= Required work =
Up to and including the line that contains "Retrovisor Espelho Del", reproduce every line exactly, beginning with the first line below.

= Excerpted records =
# # # #
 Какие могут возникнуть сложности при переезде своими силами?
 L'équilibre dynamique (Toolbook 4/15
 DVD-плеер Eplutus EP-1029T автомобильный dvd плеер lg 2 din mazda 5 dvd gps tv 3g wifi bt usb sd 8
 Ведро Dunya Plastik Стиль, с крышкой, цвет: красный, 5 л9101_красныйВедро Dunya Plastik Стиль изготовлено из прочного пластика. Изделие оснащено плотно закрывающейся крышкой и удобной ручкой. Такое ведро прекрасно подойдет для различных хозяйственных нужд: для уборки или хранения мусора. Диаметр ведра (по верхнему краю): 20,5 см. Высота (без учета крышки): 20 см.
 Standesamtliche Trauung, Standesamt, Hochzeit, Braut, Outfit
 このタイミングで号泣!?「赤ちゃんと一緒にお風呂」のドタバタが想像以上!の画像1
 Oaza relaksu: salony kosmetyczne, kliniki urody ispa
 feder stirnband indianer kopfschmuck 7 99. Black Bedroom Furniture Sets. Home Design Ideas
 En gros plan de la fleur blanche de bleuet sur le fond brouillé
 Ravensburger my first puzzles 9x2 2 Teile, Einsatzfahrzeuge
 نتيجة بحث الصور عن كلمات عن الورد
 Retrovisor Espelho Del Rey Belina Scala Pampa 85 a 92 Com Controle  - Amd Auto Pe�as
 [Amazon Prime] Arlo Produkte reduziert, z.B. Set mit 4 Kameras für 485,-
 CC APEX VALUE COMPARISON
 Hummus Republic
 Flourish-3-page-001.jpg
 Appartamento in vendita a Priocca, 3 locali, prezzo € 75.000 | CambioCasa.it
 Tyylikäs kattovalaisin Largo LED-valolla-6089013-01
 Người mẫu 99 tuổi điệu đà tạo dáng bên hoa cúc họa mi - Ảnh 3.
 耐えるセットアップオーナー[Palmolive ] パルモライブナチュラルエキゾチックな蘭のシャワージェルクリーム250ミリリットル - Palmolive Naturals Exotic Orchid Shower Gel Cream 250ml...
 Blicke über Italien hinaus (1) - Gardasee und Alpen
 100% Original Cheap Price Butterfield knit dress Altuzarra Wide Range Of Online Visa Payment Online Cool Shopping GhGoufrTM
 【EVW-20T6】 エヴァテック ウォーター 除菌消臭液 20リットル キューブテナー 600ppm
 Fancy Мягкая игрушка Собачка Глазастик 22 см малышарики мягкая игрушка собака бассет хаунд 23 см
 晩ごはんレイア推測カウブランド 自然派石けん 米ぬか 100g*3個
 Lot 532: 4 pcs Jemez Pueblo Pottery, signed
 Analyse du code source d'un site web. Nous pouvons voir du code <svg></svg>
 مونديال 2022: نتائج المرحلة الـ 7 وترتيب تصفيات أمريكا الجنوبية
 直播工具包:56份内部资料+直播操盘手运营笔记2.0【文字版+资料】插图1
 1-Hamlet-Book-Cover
# # # #
= Answer space =
 Какие могут возникнуть сложности при переезде своими силами?
 L'équilibre dynamique (Toolbook 4/15
 DVD-плеер Eplutus EP-1029T автомобильный dvd плеер lg 2 din mazda 5 dvd gps tv 3g wifi bt usb sd 8
 Ведро Dunya Plastik Стиль, с крышкой, цвет: красный, 5 л9101_красныйВедро Dunya Plastik Стиль изготовлено из прочного пластика. Изделие оснащено плотно закрывающейся крышкой и удобной ручкой. Такое ведро прекрасно подойдет для различных хозяйственных нужд: для уборки или хранения мусора. Диаметр ведра (по верхнему краю): 20,5 см. Высота (без учета крышки): 20 см.
 Standesamtliche Trauung, Standesamt, Hochzeit, Braut, Outfit
 このタイミングで号泣!?「赤ちゃんと一緒にお風呂」のドタバタが想像以上!の画像1
 Oaza relaksu: salony kosmetyczne, kliniki urody ispa
 feder stirnband indianer kopfschmuck 7 99. Black Bedroom Furniture Sets. Home Design Ideas
 En gros plan de la fleur blanche de bleuet sur le fond brouillé
 Ravensburger my first puzzles 9x2 2 Teile, Einsatzfahrzeuge
 نتيجة بحث الصور عن كلمات عن الورد
 Retrovisor Espelho Del Rey Belina Scala Pampa 85 a 92 Com Controle  - Amd Auto Pe�as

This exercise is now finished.